> _WHAT YOU HAVE TO DO_: Check each line below for the word "substitution", and copy those that have it.

> _DATASET RECORDS_:
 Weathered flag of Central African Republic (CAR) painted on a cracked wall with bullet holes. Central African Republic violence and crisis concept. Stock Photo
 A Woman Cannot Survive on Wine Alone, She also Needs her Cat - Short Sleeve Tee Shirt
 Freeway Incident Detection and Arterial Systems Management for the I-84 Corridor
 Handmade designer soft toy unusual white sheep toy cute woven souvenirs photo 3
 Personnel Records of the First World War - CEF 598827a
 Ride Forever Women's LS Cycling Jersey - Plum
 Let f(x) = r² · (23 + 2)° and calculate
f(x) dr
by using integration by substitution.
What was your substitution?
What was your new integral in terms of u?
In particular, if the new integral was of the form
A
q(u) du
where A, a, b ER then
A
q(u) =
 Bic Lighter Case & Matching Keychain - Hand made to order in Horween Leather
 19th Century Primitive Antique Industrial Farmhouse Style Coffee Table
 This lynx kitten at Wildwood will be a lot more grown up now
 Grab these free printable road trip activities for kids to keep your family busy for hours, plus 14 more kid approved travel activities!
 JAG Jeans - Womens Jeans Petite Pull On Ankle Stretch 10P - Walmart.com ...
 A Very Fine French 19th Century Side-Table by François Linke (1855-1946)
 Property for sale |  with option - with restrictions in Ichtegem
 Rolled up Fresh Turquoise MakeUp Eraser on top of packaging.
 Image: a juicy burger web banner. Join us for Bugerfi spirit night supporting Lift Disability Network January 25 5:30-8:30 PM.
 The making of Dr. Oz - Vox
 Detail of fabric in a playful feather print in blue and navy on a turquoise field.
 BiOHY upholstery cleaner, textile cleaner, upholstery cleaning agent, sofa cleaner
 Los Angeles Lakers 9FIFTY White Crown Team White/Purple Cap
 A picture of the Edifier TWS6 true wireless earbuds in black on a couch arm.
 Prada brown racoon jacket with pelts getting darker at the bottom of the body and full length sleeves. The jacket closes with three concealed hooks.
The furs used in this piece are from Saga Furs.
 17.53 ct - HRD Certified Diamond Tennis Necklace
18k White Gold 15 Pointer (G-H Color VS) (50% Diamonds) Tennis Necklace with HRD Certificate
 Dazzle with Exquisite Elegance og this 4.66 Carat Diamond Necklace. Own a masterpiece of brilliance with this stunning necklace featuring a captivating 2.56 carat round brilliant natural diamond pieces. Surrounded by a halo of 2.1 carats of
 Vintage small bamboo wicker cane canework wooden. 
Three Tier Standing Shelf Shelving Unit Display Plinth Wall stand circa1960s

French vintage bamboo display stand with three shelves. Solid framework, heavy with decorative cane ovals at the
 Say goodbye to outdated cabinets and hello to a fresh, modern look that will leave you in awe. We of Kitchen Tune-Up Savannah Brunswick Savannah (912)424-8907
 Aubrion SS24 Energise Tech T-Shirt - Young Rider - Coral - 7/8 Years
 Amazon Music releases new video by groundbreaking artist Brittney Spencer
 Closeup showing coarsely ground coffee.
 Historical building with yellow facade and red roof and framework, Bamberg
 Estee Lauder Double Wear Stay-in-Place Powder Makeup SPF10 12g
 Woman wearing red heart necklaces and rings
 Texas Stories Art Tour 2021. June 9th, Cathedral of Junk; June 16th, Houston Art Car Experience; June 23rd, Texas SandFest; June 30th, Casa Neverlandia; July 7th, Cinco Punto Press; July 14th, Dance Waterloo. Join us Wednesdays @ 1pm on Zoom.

> _SOLUTION BELOW_:
by using integration by substitution.
What was your substitution?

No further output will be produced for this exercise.